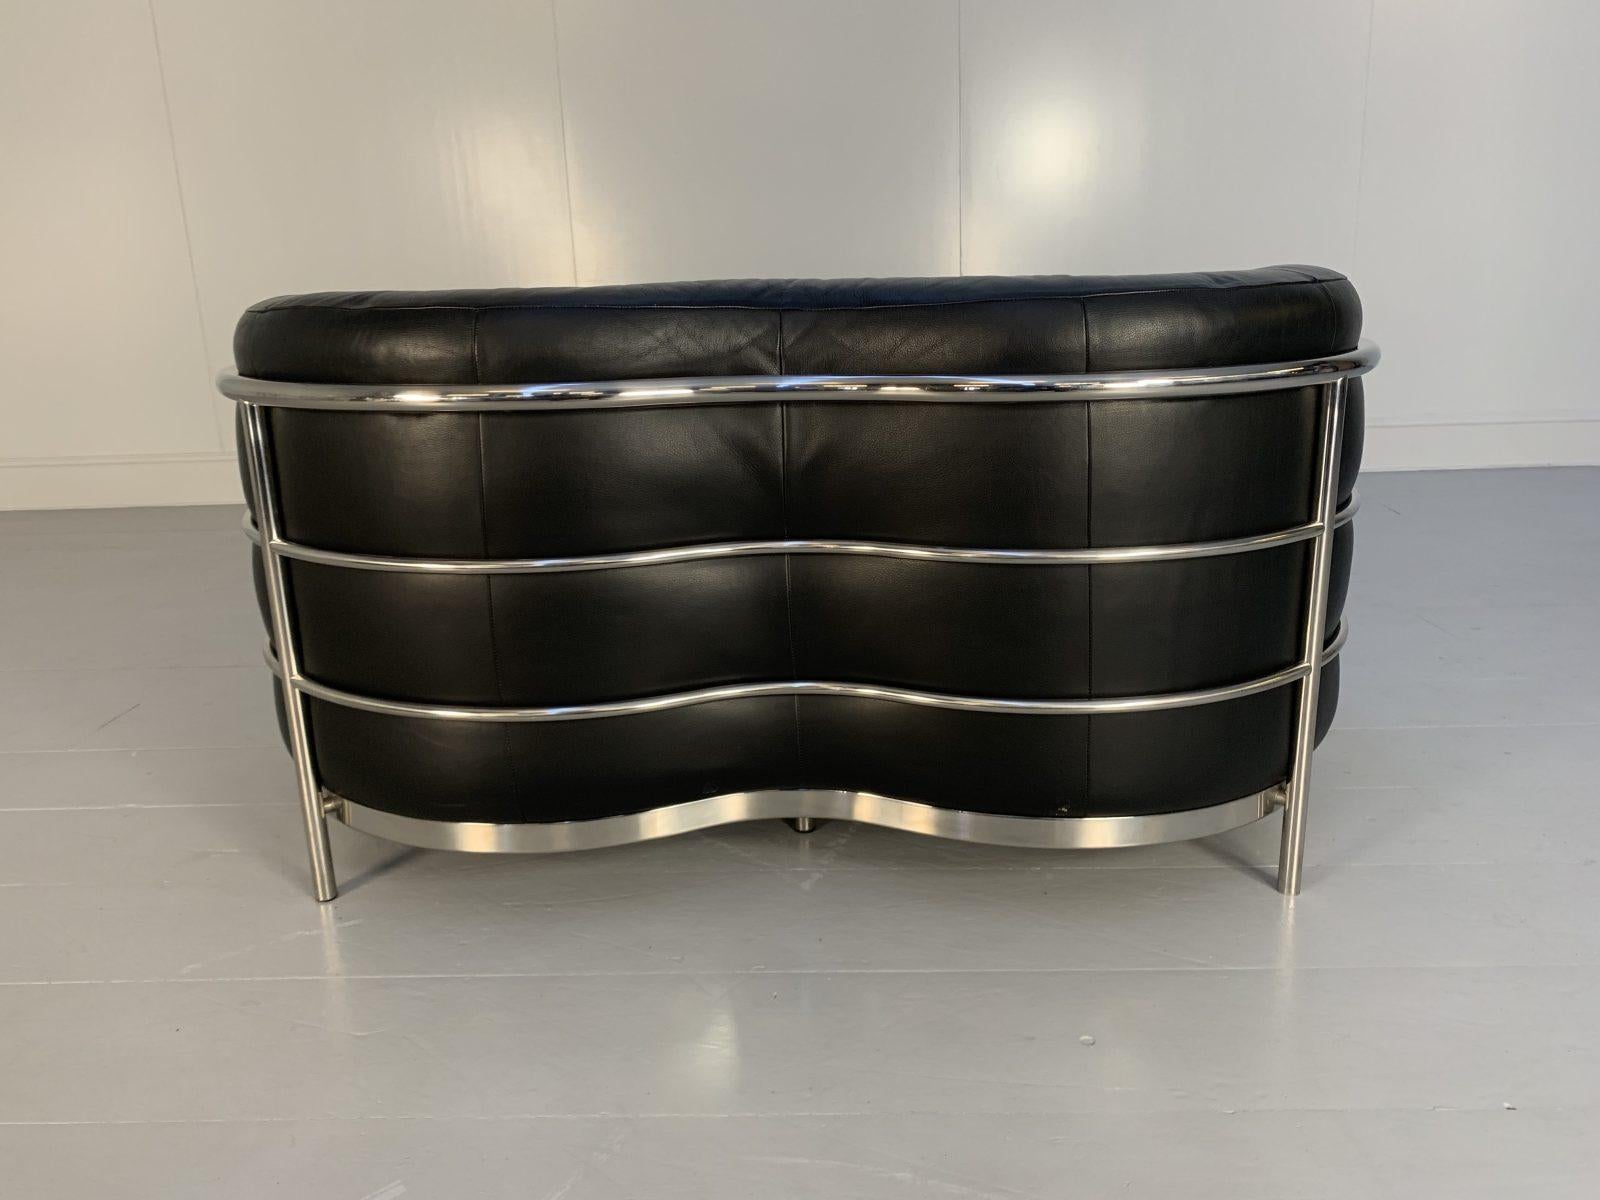 Zanotta “Onda” Sofa – 2-Seat – in Black “Scozia” Leather and Chrome For Sale 4
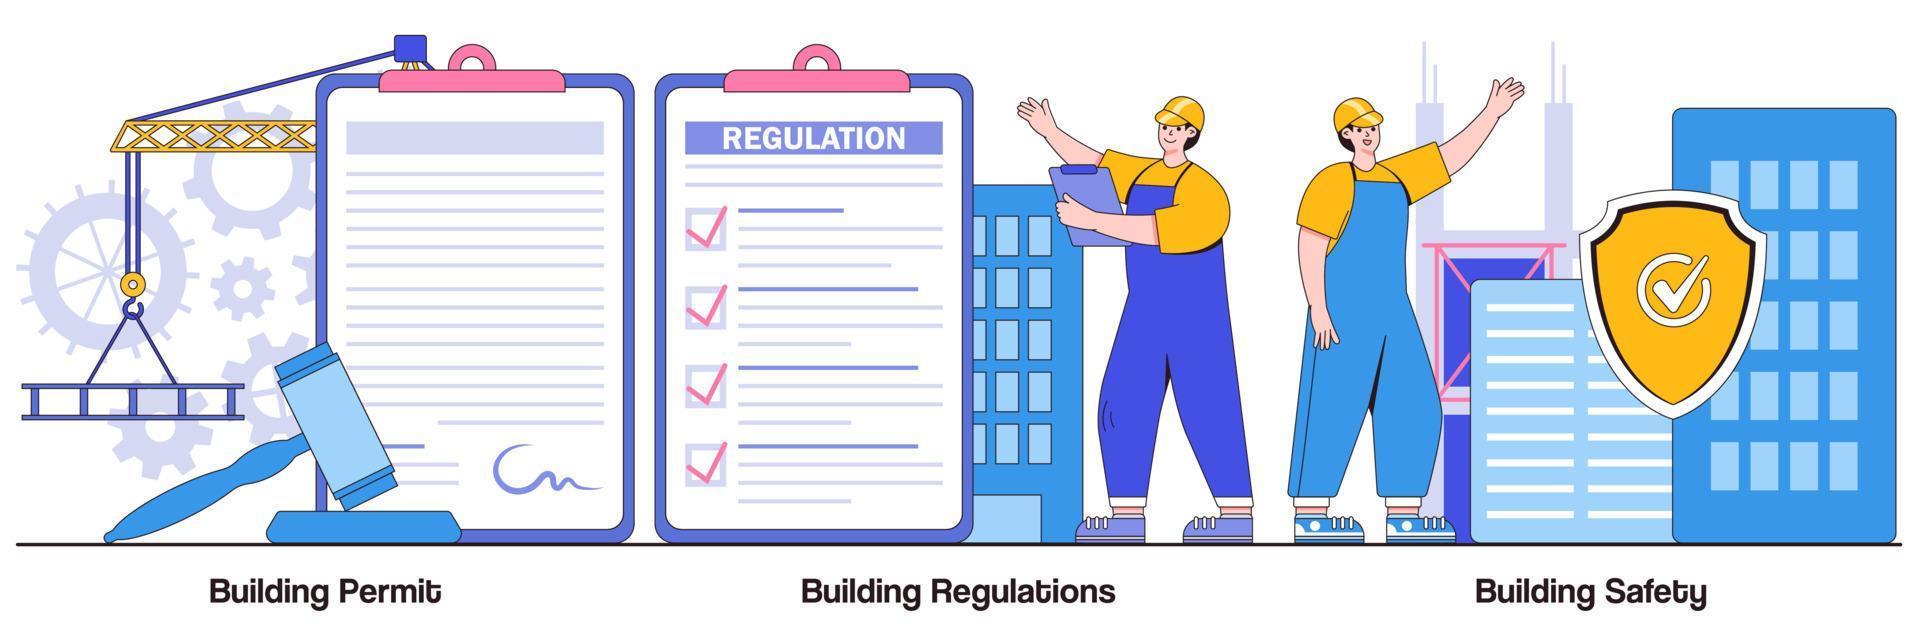 bouwvergunningen, voorschriften en geïllustreerd veiligheidspakket vector
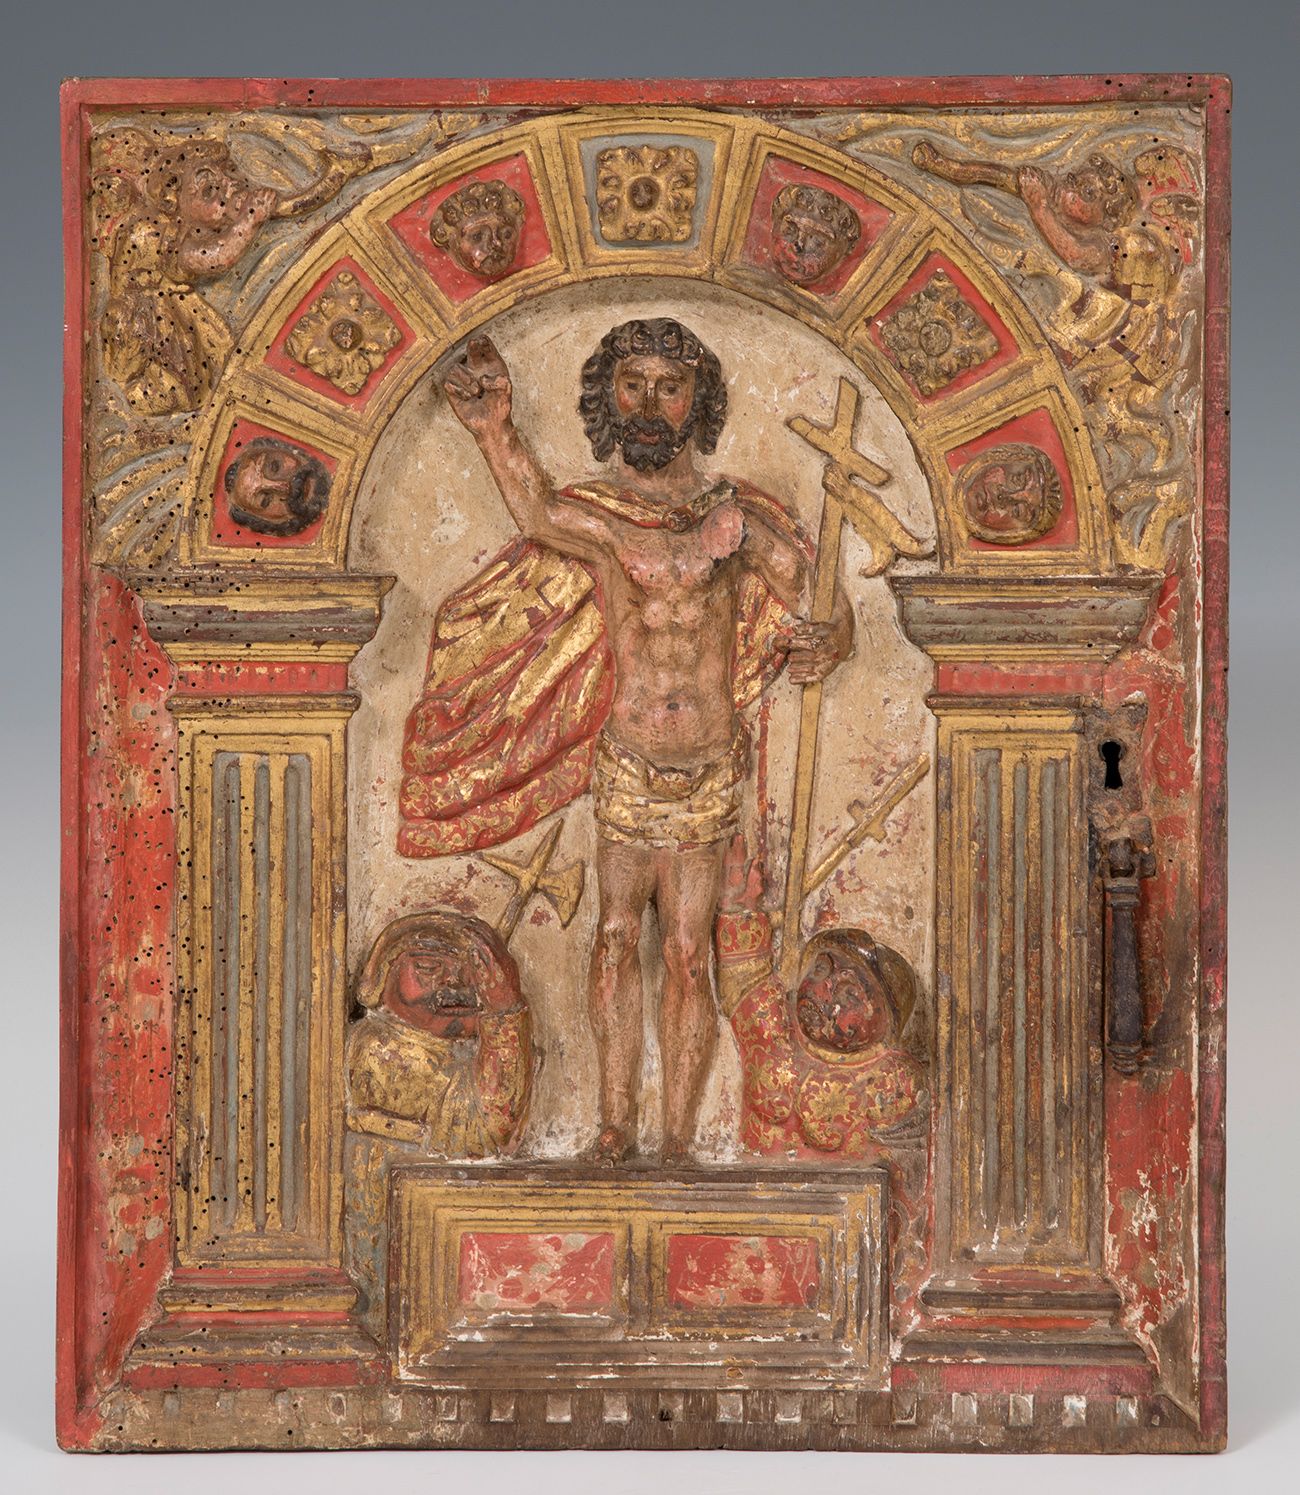 Null 礼拜堂的门。西班牙学校，16世纪。
基督的复活。
雕刻和多色木。
尺寸。42 x 36厘米。
雕刻和多色木制成的祭坛帐幕的门，仍保留了部分金属配件。在&hellip;
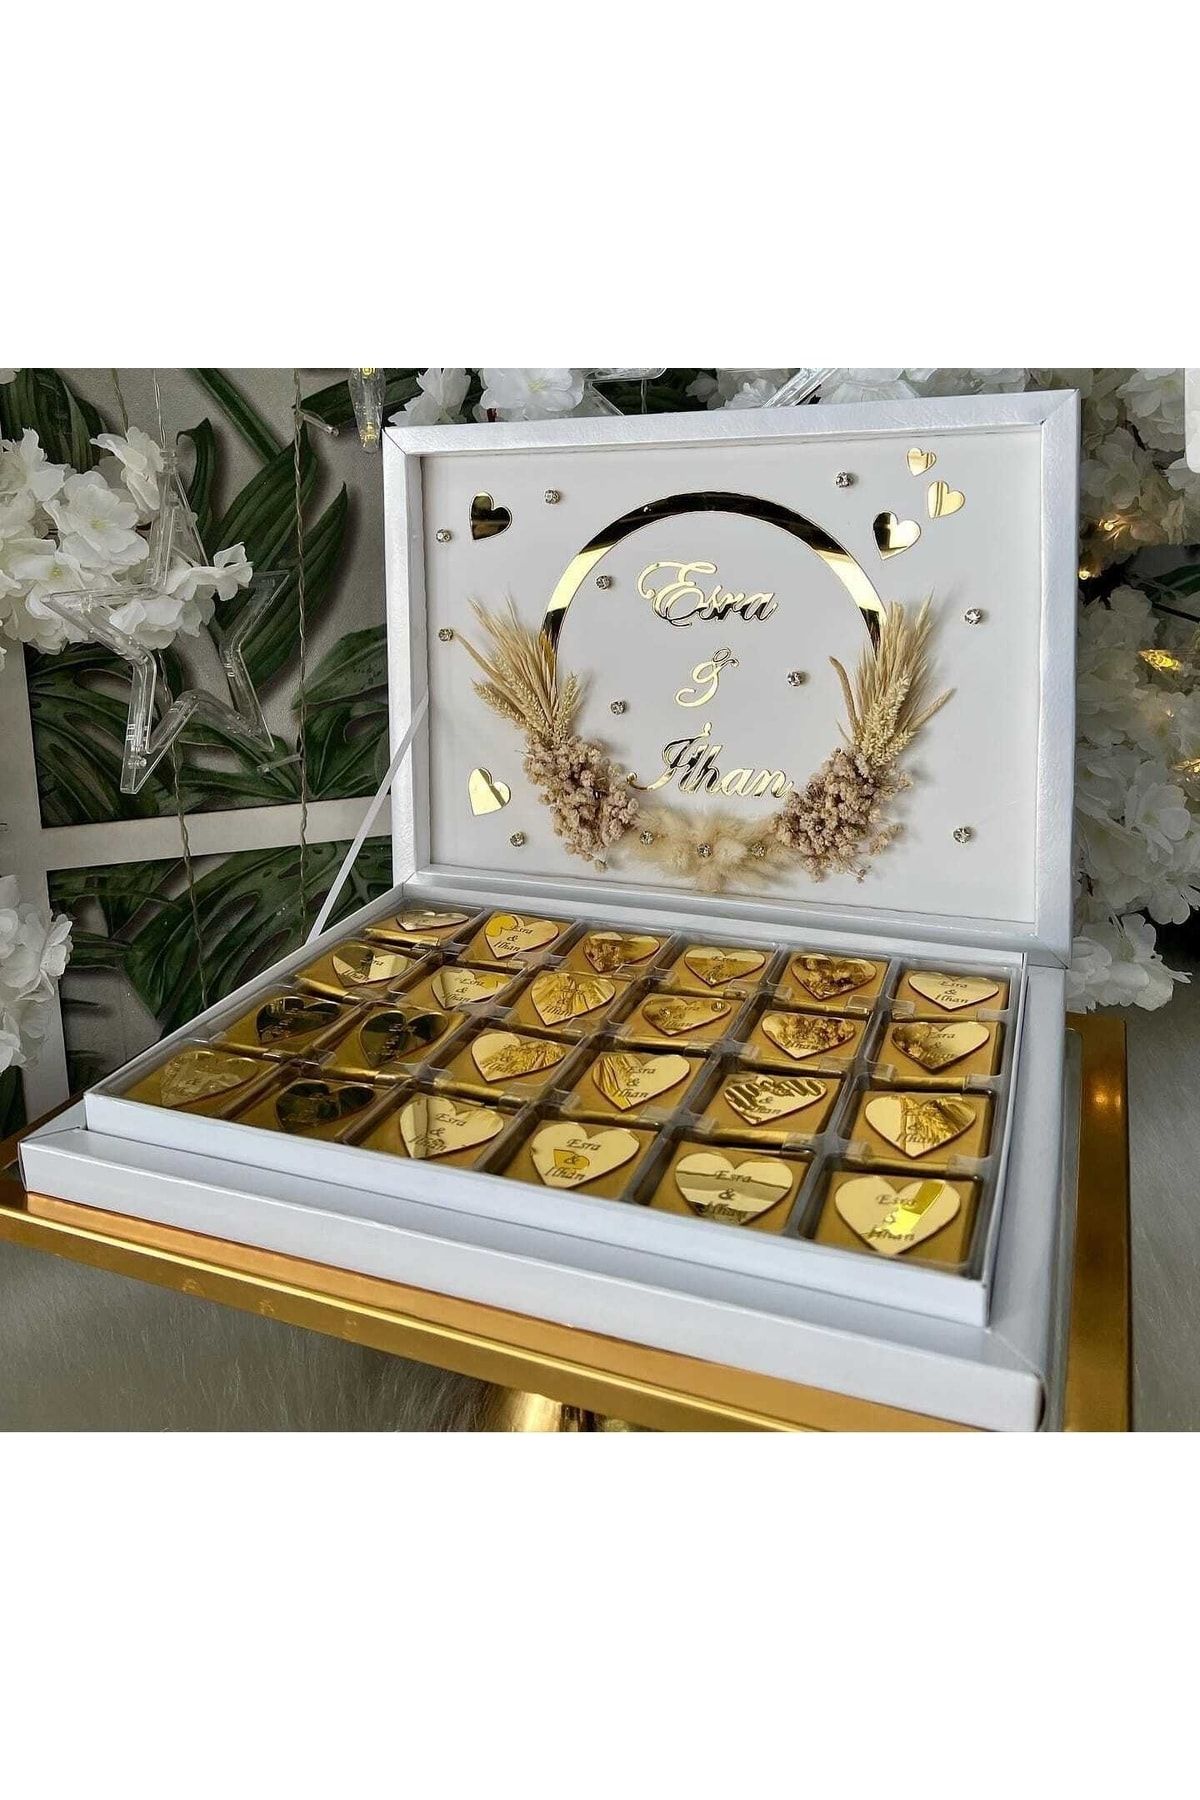 Evsay Kız Isteme Çikolatası Kişiye Özel Madlen Kutu Içerisinde Kişiye Özel 72 Adet Etiket Tasarımlı
◆ ◆ ◆ ◆ ◆
**Exercise aim**
Each line of the material needs to be given again exactly, without any of its pictures.

**Exercise solution**
 Zanotta “Onda” Sofa – 2-Seat – in Black “Scozia” Leather and Chrome For Sale 4
 bouwvergunningen, voorschriften en geïllustreerd veiligheidspakket vector
 Null 礼拜堂的门。西班牙学校，16世纪。
基督的复活。
雕刻和多色木。
尺寸。42 x 36厘米。
雕刻和多色木制成的祭坛帐幕的门，仍保留了部分金属配件。在&hellip;
 Evsay Kız Isteme Çikolatası Kişiye Özel Madlen Kutu Içerisinde Kişiye Özel 72 Adet Etiket Tasarımlı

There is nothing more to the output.